«Celui-ci est mon préféré!», s'exclame Véronique Rebetez, tout sourire, en sortant un anneau de silicone blanc de sa boîte. On peut remplir l'embout à picots d'un liquide de son choix pour l'explorer avec sa langue et le goûter. «Du miel, du jus de citron ou du sirop de fraise,... Chacun choisira ce qui lui plaît!»
C'est lors de sa dernière année d'études de design à la Haute école des arts de Zurich que l'étudiante de 25 ans s'est intéressée à la sexualité des personnes atteintes de paralysie médullaire, en vue de son travail de Bachelor. Le résultat? Gosio, un set de cinq sextoys qui stimulent les cinq sens. «Nous n'utilisons qu'une fraction de notre sexualité», explique Veronique Rebetez. A partir de ce constat, elle a conçu des jouets sexuels détournant notre attention des organes génitaux pour la porter vers d'autres zones érogènes. Pour les personnes paraplégiques, mais aussi pour toutes les autres.
«Le corps entier est une zone érogène»
Véronique Rebetez n'est elle-même pas handicapée physiquement.
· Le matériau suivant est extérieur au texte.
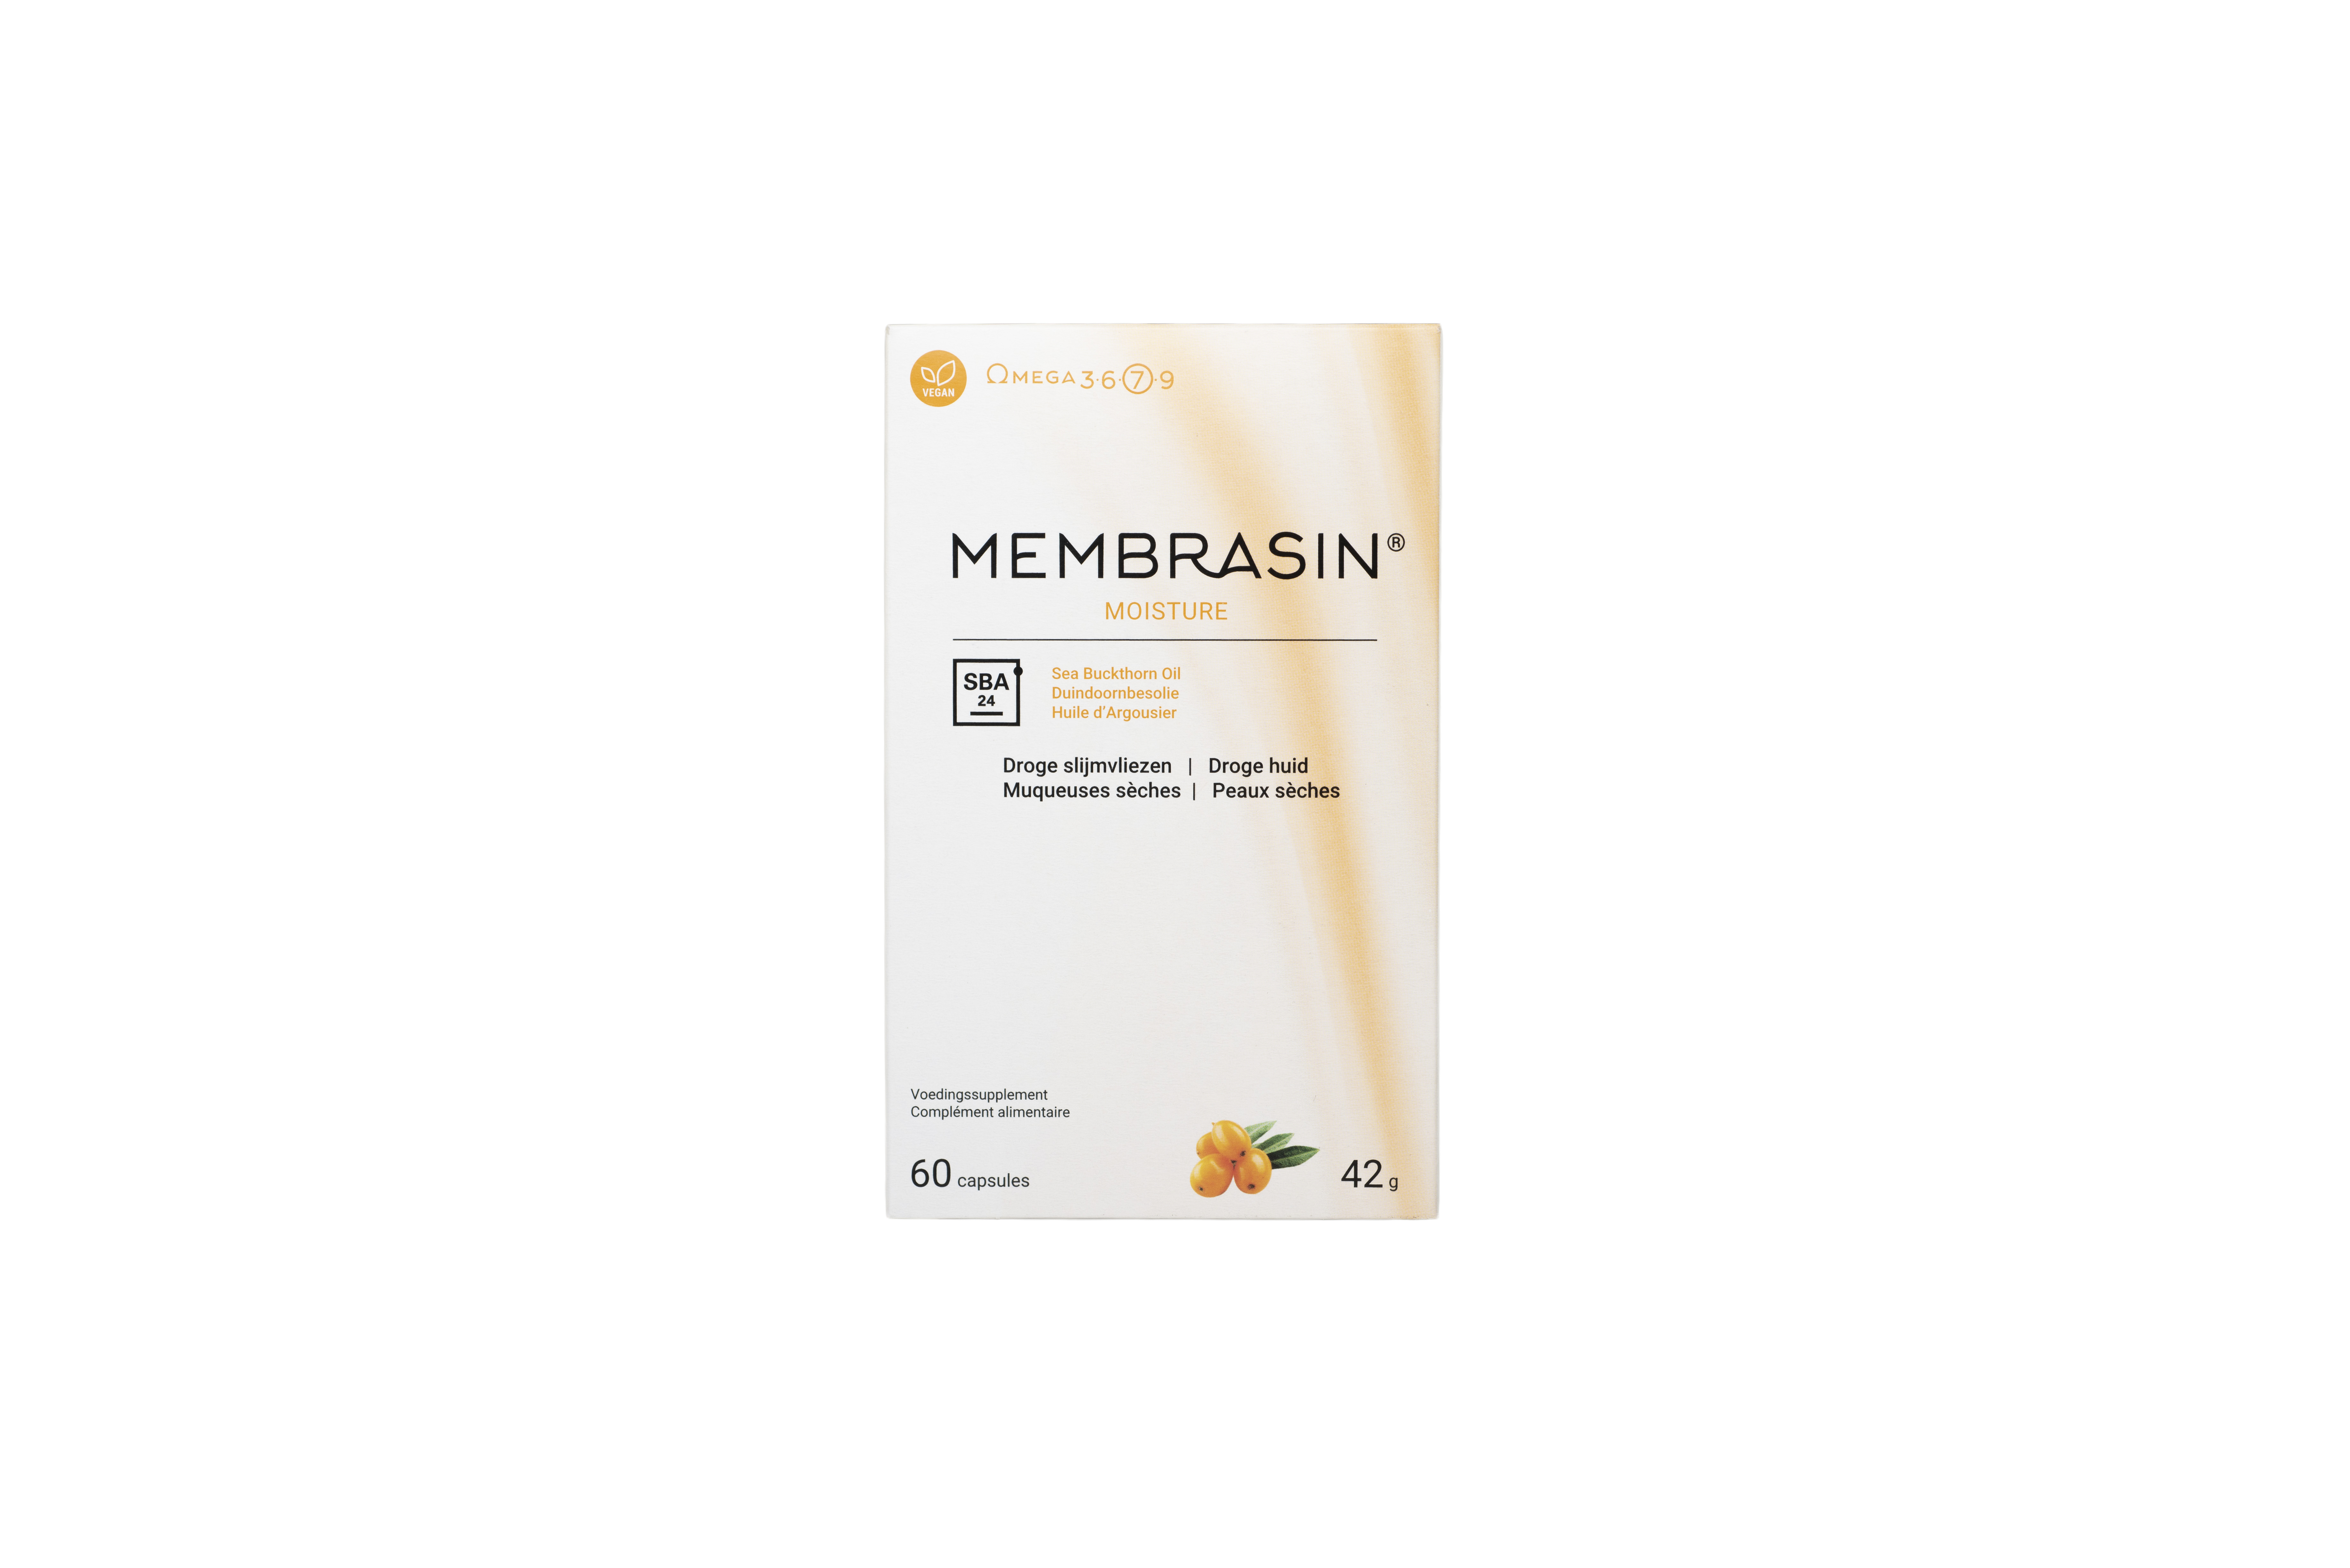 Membrasin (omega 7) 60 caps PL500/52

Elle a donc travaillé en étroite collaboration avec des spécialistes. Elle s'est aussi entretenue directement avec de nombreuses personnes paraplégiques, «c'est-à-dire les personnes paralysées à partir d'une blessure», explique-t-elle. Les entretiens ont révélé qu'elles ont un accès plus difficile à la sexualité. Pour la majorité des sondés, le fait de ne plus être perçues comme des êtres sexués depuis leur accident était un problème. En effet, qu'il s'agisse de porno ou de sextoys, «quand nous pensons au sexe, nous pensons automatiquement aux organes génitaux et à la pénétration», poursuit la jeune femme.
Or, le sexe se passe aussi dans la tête. C'est pourquoi de nombreuses personnes atteintes de paraplégie apprennent, après leur accident, à érotiser d'autres zones. Par exemple les oreilles, la nuque, les mamelons,...autant d'endroits où la peau est particulièrement sensible. En touchant régulièrement ces parties du corps, la tête finit par les associer à l'excitation. Ainsi, la capacité à ressentir un plaisir et une excitation intenses se maintient. «Car tout le corps est une zone érogène. Nous n'en utilisons tout simplement pas la majeure partie!», regrette Veronique Rebetez.
Un sextoy par sens
C'est précisément pour ces zones érogènes, jusqu'ici trop peu connues, que l'étudiante a développé ses sextoys. Un pour chacun de nos sens, car «plus les sens impliqués sont nombreux, plus nous vivons une expérience riche», éclaire-elle.
Elle sort un bracelet de sa boîte. Un petit appareil est attaché à celui-ci. Il enregistre les bruits spécialement générés lors de l'acte sexuel ou de la masturbation. «Ceux-ci sont amplifiés accoustiquement et transmis à des écouteurs, que l'on porte soi-même ou que l'on pose sur l'autre personne. Cela peut être très intime et stimulant». La designer offre une stimulation visuelle à l'utilisateur grâce à un bandeau noir à franges. «On ne peut jeter que des regards brefs et aléatoires sur ce qui se passe, ce qui stimule la vue».
Pour le toucher, Véronique Rebetez a imaginé une pierre en céramique agrémentée de fins picots. Cette dernière est glissée sensuellement sur la peau. «La céramique peut être chauffée ou refroidie pour donner un certain effet». Enfin, un plumeau, qui peut servir soit à chatouiller, soit à caresser, et que l'on asperge de ses odeurs préférées pour éveiller l'odorat.
Des jouets qui n'excluent personne
Les sextoys s'adressent à toutes les personnes, qu'elles soient paraplégiques ou non, insiste la jeune femme. Son objectif est de développer des sextoys qui n'excluent personne. «L'érotisme peut être encore plus passionnant si nous nous détachons de la sexualité génitale! Il faut juste oser s'aventurer sur ces terrains-là», nous glisse-t-elle.
Le sextoy-set Gosio n'est encore qu'un prototype. Depuis septembre dernier, l'étudiante travaille comme assistante d'enseignement à la Haute école des arts de Zurich. Elle s'imagine toutefois très bien se lancer ensuite dans le milieu des sextoys. «C'est un domaine tout nouveau pour le design. Je n'ai trouvé qu'un seul livre de base pour mon travail. Il a un grand potentiel, et je serai heureuse de faire partie de ce développement», sourit-elle.